Council's refusal to release school data makes bad reading
SHOULD schools that do not get pupils to read up to required standards be named in the Telegraph?
North East Lincolnshire Council does have the figures, but has, following a challenge by the Grimsby Telegraph, decided not to go public with them – and that is in line with the Government, which also refuses to release them.
As reported, nearly half of all Year One pupils (five and six-year-olds) in North East Lincolnshire have failed to reach expected levels in phonics reading tests.
The Department for Education figures show that only 50.84 per cent of them mastered the mechanics of reading for their age. They were not broken down into school level by the DfE because a public consultation concluded that it would be counter-productive.

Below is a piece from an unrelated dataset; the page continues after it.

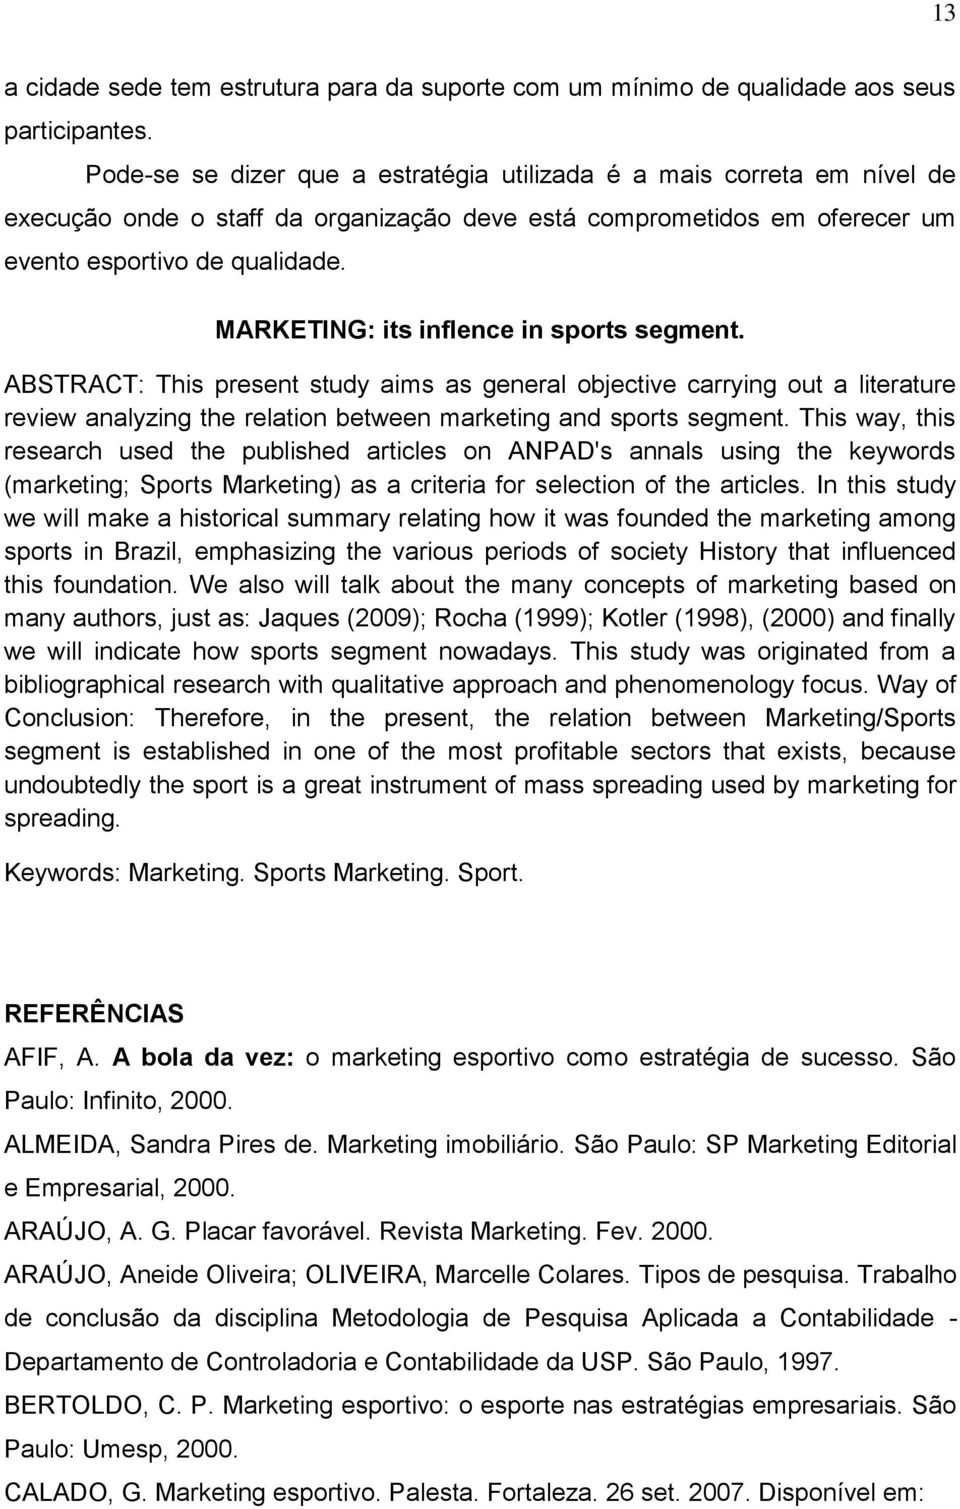 MARKETING: its inflence in sports segment. ABSTRACT: This present study aims as general objective carrying out a literature review analyzing the relation between marketing and sports segment.
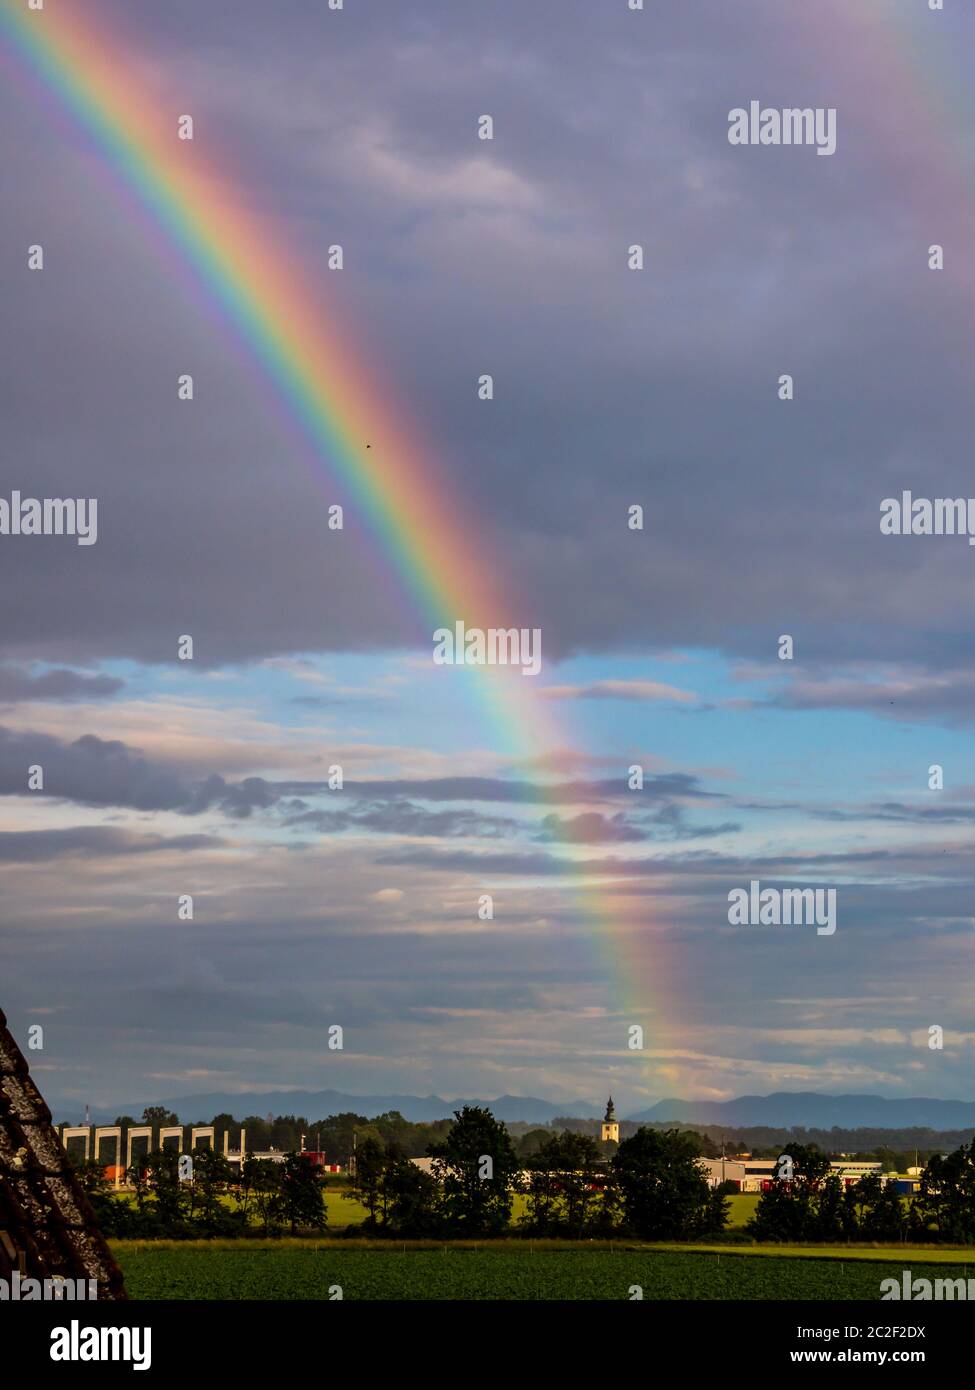 a rainbow is emerging after a thunderstorm rain in the sky Stock Photo

The Telegraph sent a Freedom Of Information request to North East Lincolnshire Council asking for a breakdown but it said it would not release it under Section 36 (2) (c) of the Freedom of Information Act.
Paul Ellis, from the council's Informatics and Research Team, said: "In this case we determine that the balance of public interest is for the withholding of the information. This position is informed by the public consultation undertaken, in which respondents argued that making the information available 'could place pressure on young children taking this assessment and could narrow the curriculum. Therefore publishing school level data would change the nature of this assessment, and could disrupt its administration in schools, meaning that the intended benefits of this policy are not realised'."
Some councillors believe the information is in the public interest and parents have a right to know how each school is performing.
The chairman of the Children and Young People Scrutiny Panel scrutiny panel Mathew Brown (Lab) declined to comment, but councillor Iain Colquhoun (Con) said: "Personally, I think that this information should be in the public domain. The administration is more secretive than in the past.
"We publish A-level and GCSE results by school, so why not these?
"In some ways these results are more fundamental. Prospective parents should know how schools are performing."
Liberal Democrat Anne Darby, who also sits on the panel, added: "I feel that parents do have the right to this information.
"Having access to the figures can help people make informed choices for their children."
The Grimsby Telegraph has now contacted the Information Commissioner's Office for an independent review on the matter.